Recovering dissipated mechanical energy and harvesting thermal energy available in the environment, transforming them into electric current, is the idea at the basis of the project Electro-Intrusion. 

Electro-Intrusion represents a modern version of the philosopher’s stone: instead of transforming lead into gold, we aim at transforming low-quality energy into electrical power. This will be achieved by creating a low-cost, environmentally-friendly device will allow to produce clean energy to move a step forward towards a carbon-neutral future. 

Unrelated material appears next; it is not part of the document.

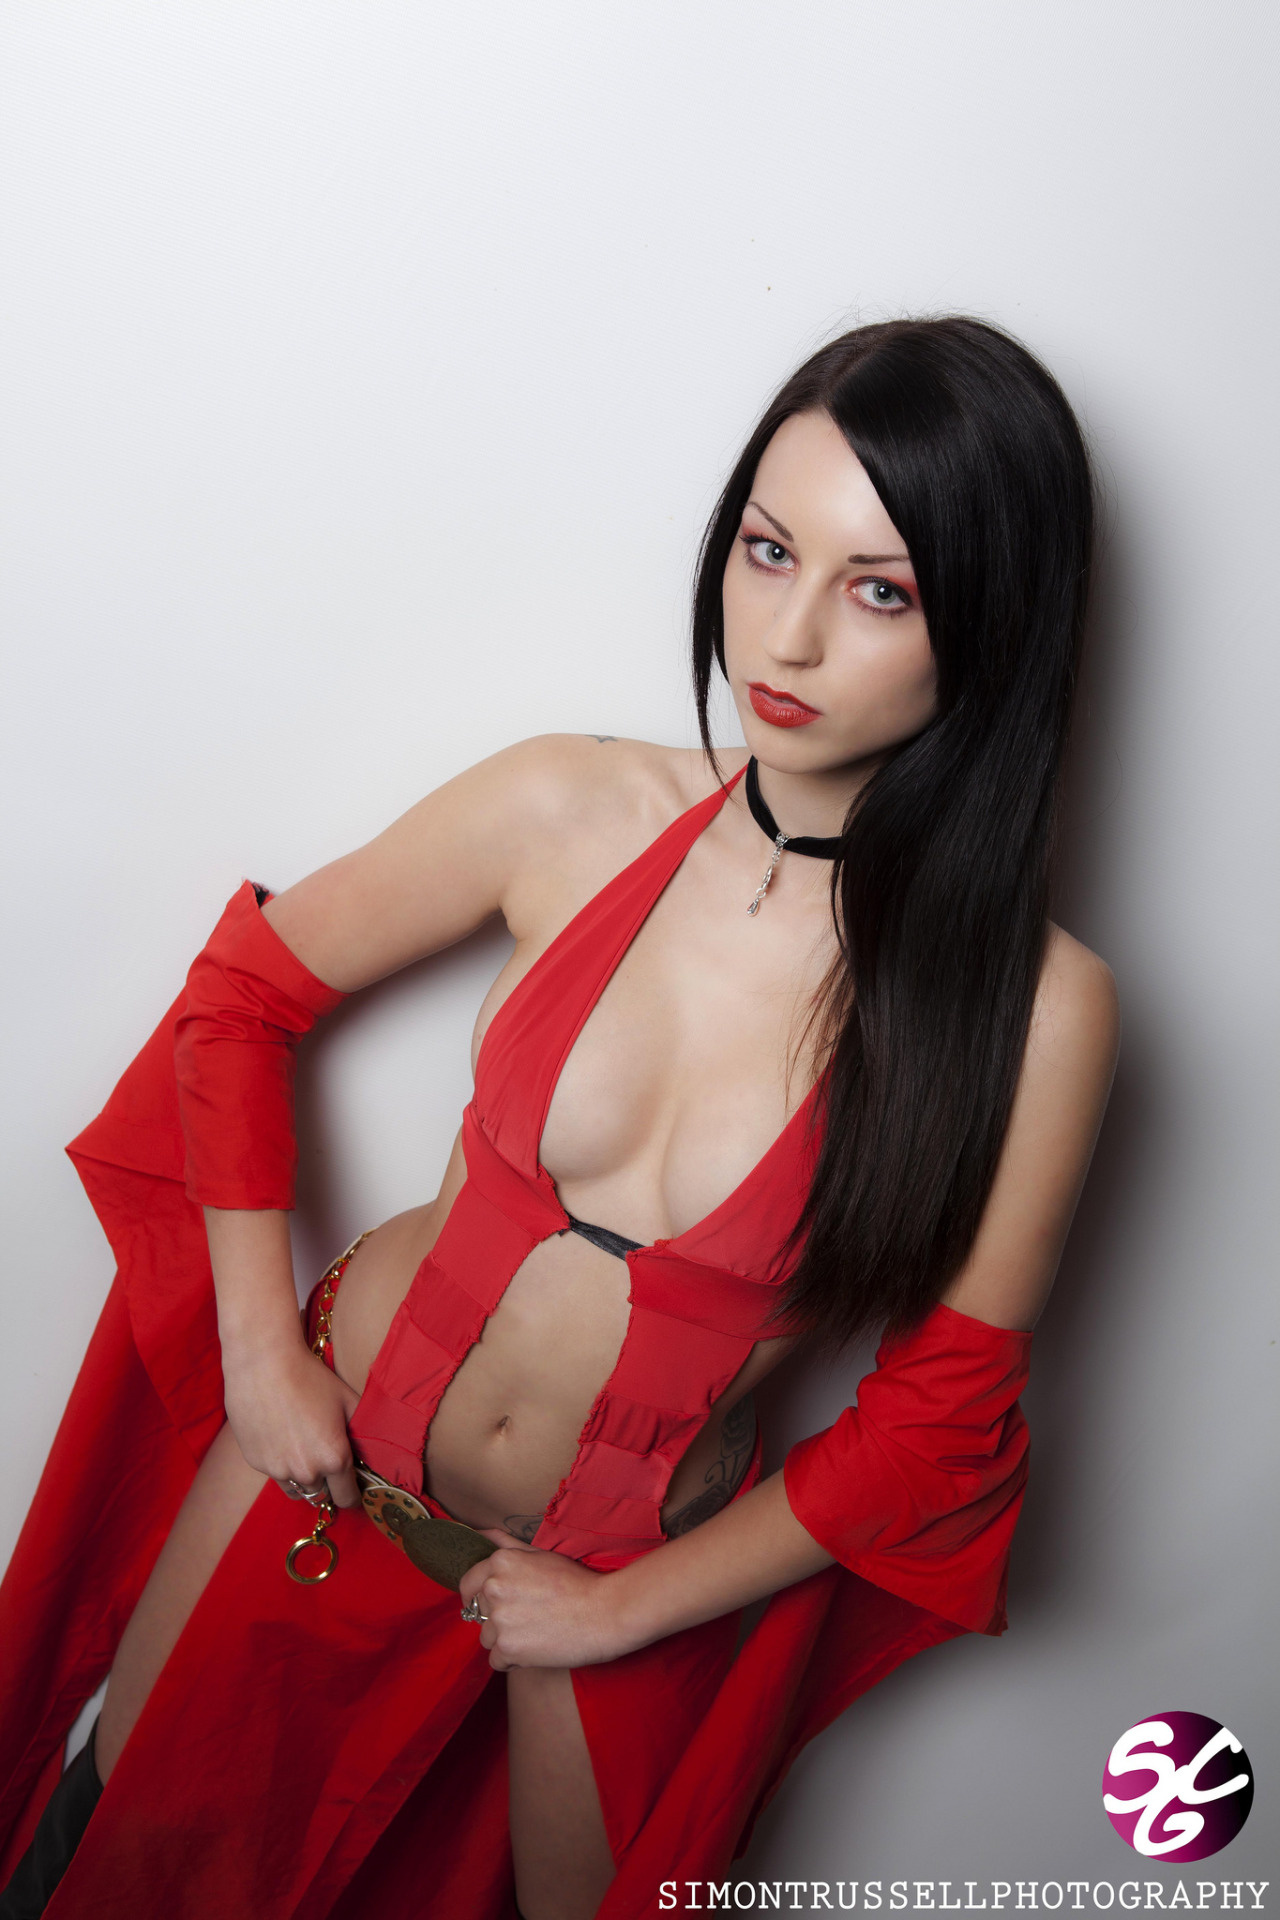 cosplay-and-costumes:  Jemma Funge as Kaileena ( Prince of Persia) Source: http://www.reddit.com/r/cosplaygirls/comments/4nbsd6/jemma_funge_as_kaileena_prince_of_persia/

Electro-Intrusion is funded by the European Commission under the H2020 Future and Emerging Technology programme, focusing on “Breakthrough zero-emissions energy storage and conversion technologies for carbon-neutrality”.

The project

The Electro-Intrusion project aims at developing a vanguard device to recovering wasted vibrational energy and while harvesting environmental thermal energy and convert both into electricity with an unprecedented efficiency. To achieve this goal we will exploit the properties of non-wettable materials presenting nanopores that under high pressure produced by mechanical vibrations get reversibly intruded by the liquid, while harvesting heat from the environment and getting electrified (triboelectrification). 

The project plans to:

  • Investigating the challenging and poorly understood phenomenon of nanotriboelectrification, which produces electric current from the contact or sliding of a liquid on a solid. Understanding the fundamental aspects of this phenomenon will allow to maximise the electric output.
  • Identifying the characteristics of liquids and porous solids controlling the thermal balance, the heat input/output along intrusion/extrusion, so as to maximize it.
  • Push the boundaries of current technologies achieving a mechanical-to-electrical conversion efficiency higher than 100%, i.e., producing more than 1 electric energy unit per unic of mechanical energy (vibrations) used to trigger intrusion/extrusion.
  • Lay the foundation for the industrial use of this technology by creating a prototype of the device, namely regenerative shock-absorbers.
  • Integrate, validate and test regenerative shock-absorbers in a real electric vehicle.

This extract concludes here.